A greedy algorithm for finding the minimum spanning tree of a weighted graph.

Definition

Connect every node of a weighted graph using the least total edge weight, and you're building a minimum spanning tree: exactly V - 1 edges, no cycles, every node touched, minimum total cost. The search space is enormous (a complete graph on just 10 nodes hides 100,000,000 spanning trees), and Prim's algorithm cuts through all of it greedily: grow one connected tree outward from any starting node, always absorbing the cheapest edge that crosses from inside the tree to outside. With a heap serving the cheapest crossing edge, the whole build runs in O(E log V).

Unlike most greedy algorithms, this one's proof obligation comes pre-paid by a single theorem that also powers its sibling Kruskal, and it's worth meeting before the mechanics.

The Cut Property

Split a graph's nodes into any two non-empty groups, and call every edge with one end in each group a crossing edge. The cut property says the lightest crossing edge always belongs to a minimum spanning tree, and the proof is one swap. Suppose some MST skipped that lightest edge. Adding it creates a cycle, the cycle must cross the split somewhere else over a heavier edge, and trading the heavy crossing for the light one yields a cheaper spanning tree. A cheaper tree than the minimum is a contradiction, so the lightest crossing edge was always safe to take.

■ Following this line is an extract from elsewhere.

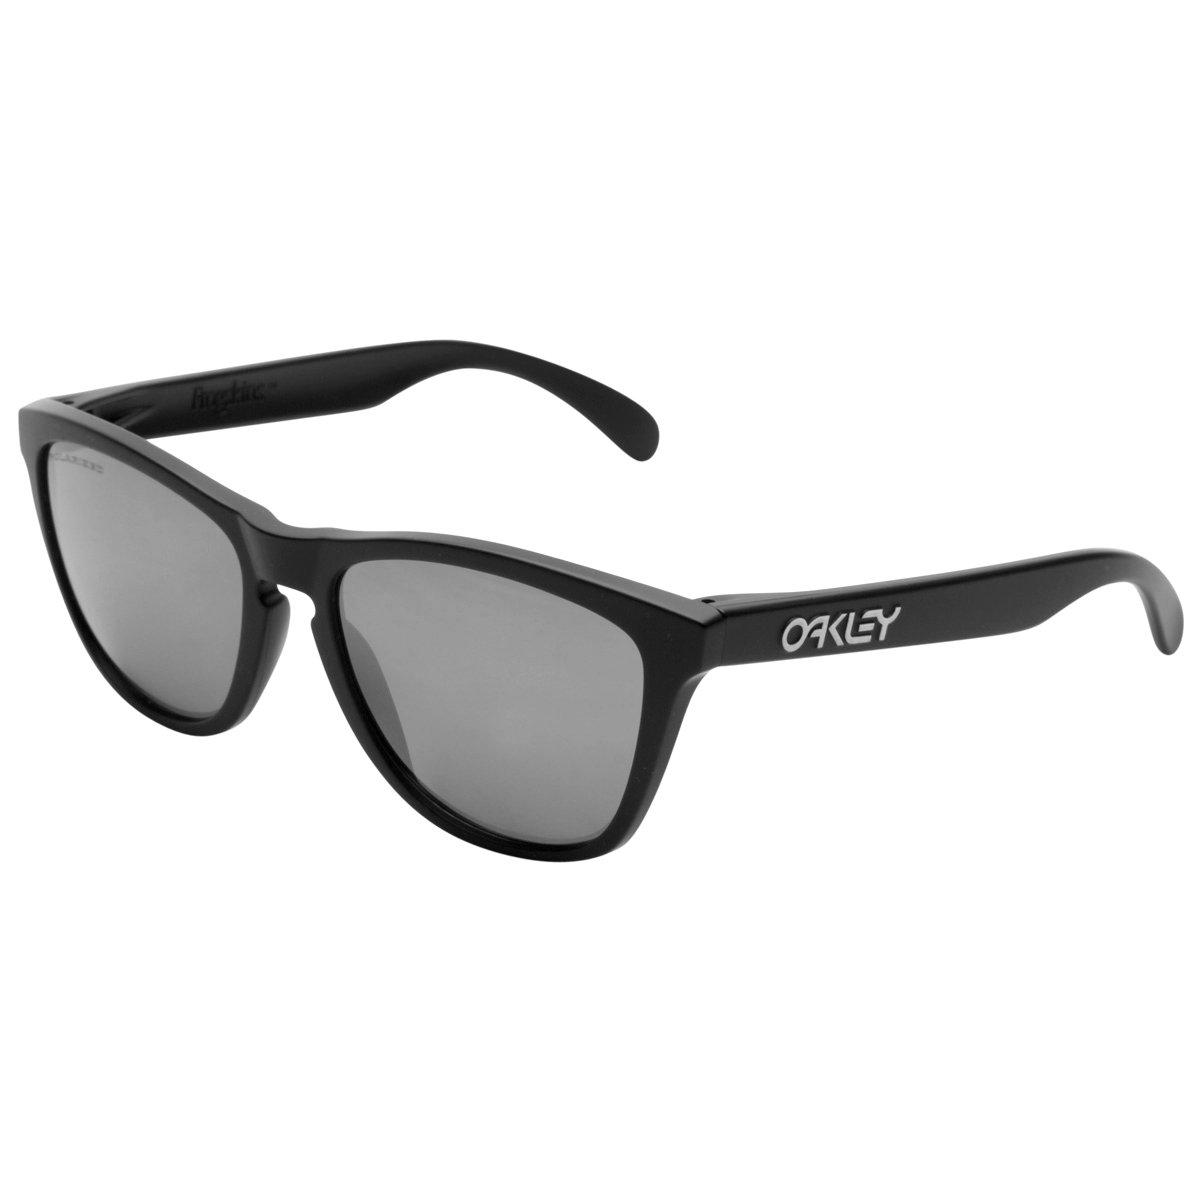 36fb16d5702ec Óculos Oakley Frogskins - Iridium Polarizado - Compre Agora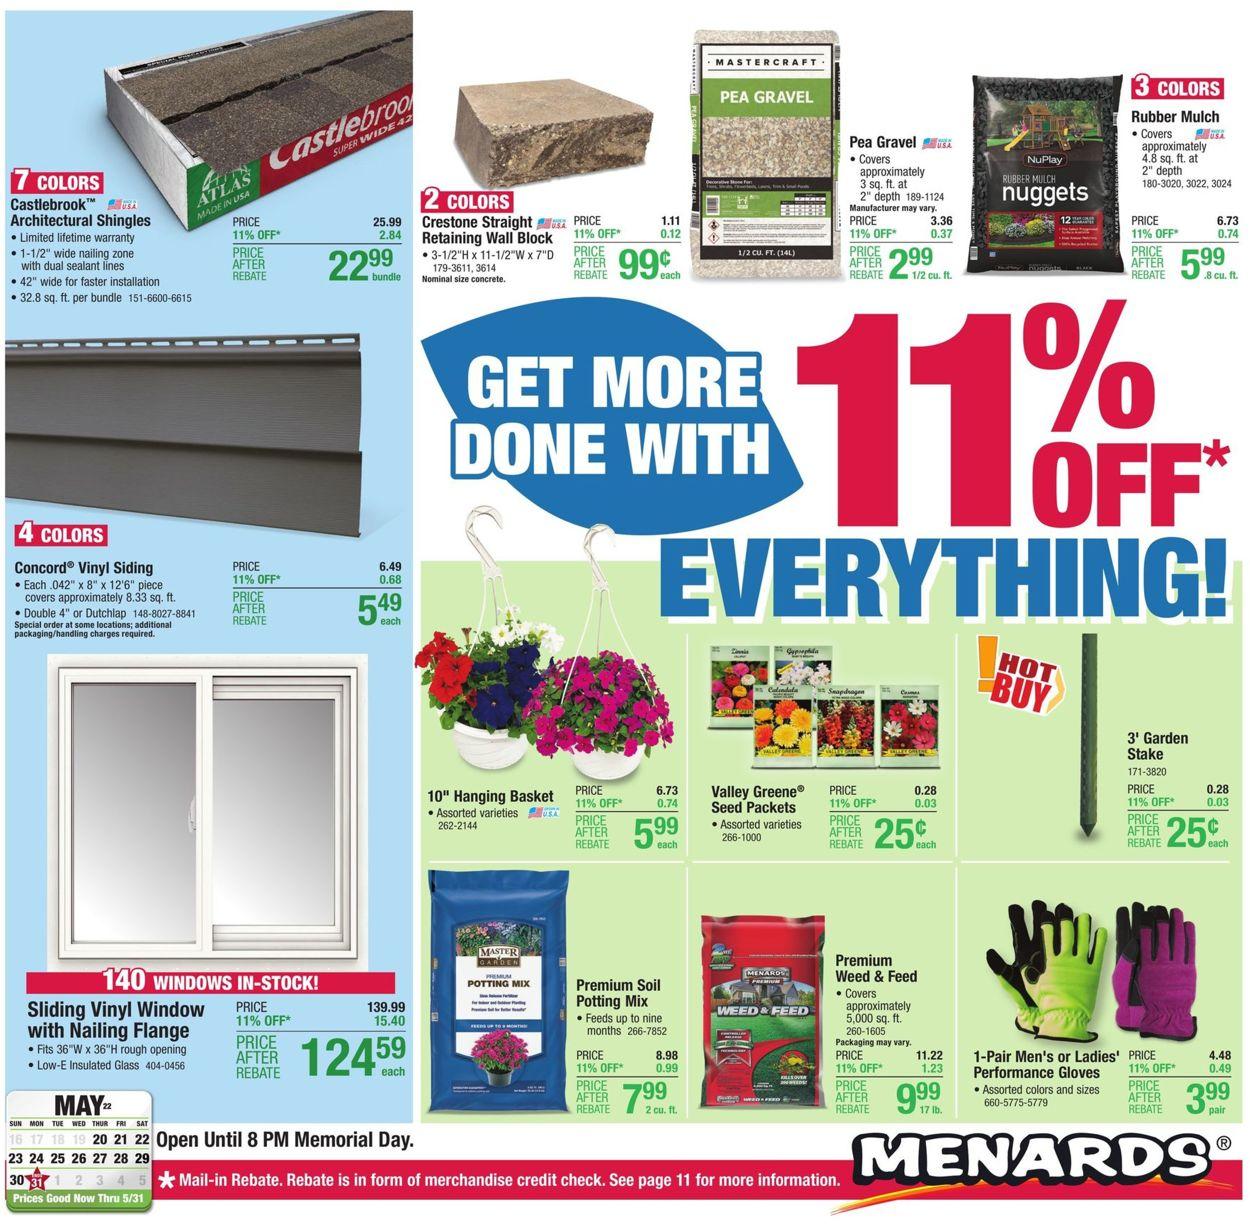 Menards Weekly Ad Circular - valid 05/20-05/31/2021

Prim's entire strategy is applying that theorem to one specific split, over and over: the tree built so far versus everything else. Each absorption redraws the cut, the theorem blesses the next cheapest crossing, and V - 1 blessings later the tree is provably minimal. No backtracking, no second-guessing, just one theorem on repeat.

Growing the Blob

Trace it on five nodes with edges A-B = 2, A-D = 6, B-C = 3, B-D = 8, B-E = 5, C-E = 7, D-E = 9. Starting at A, the crossing edges are A-B and A-D, so the tree absorbs B for 2. From {A, B} the cheapest crossing is B-C at 3. Now the tree is {A, B, C}, and the crossings are A-D at 6, B-D at 8, B-E at 5, and C-E at 7. Predict the next absorption.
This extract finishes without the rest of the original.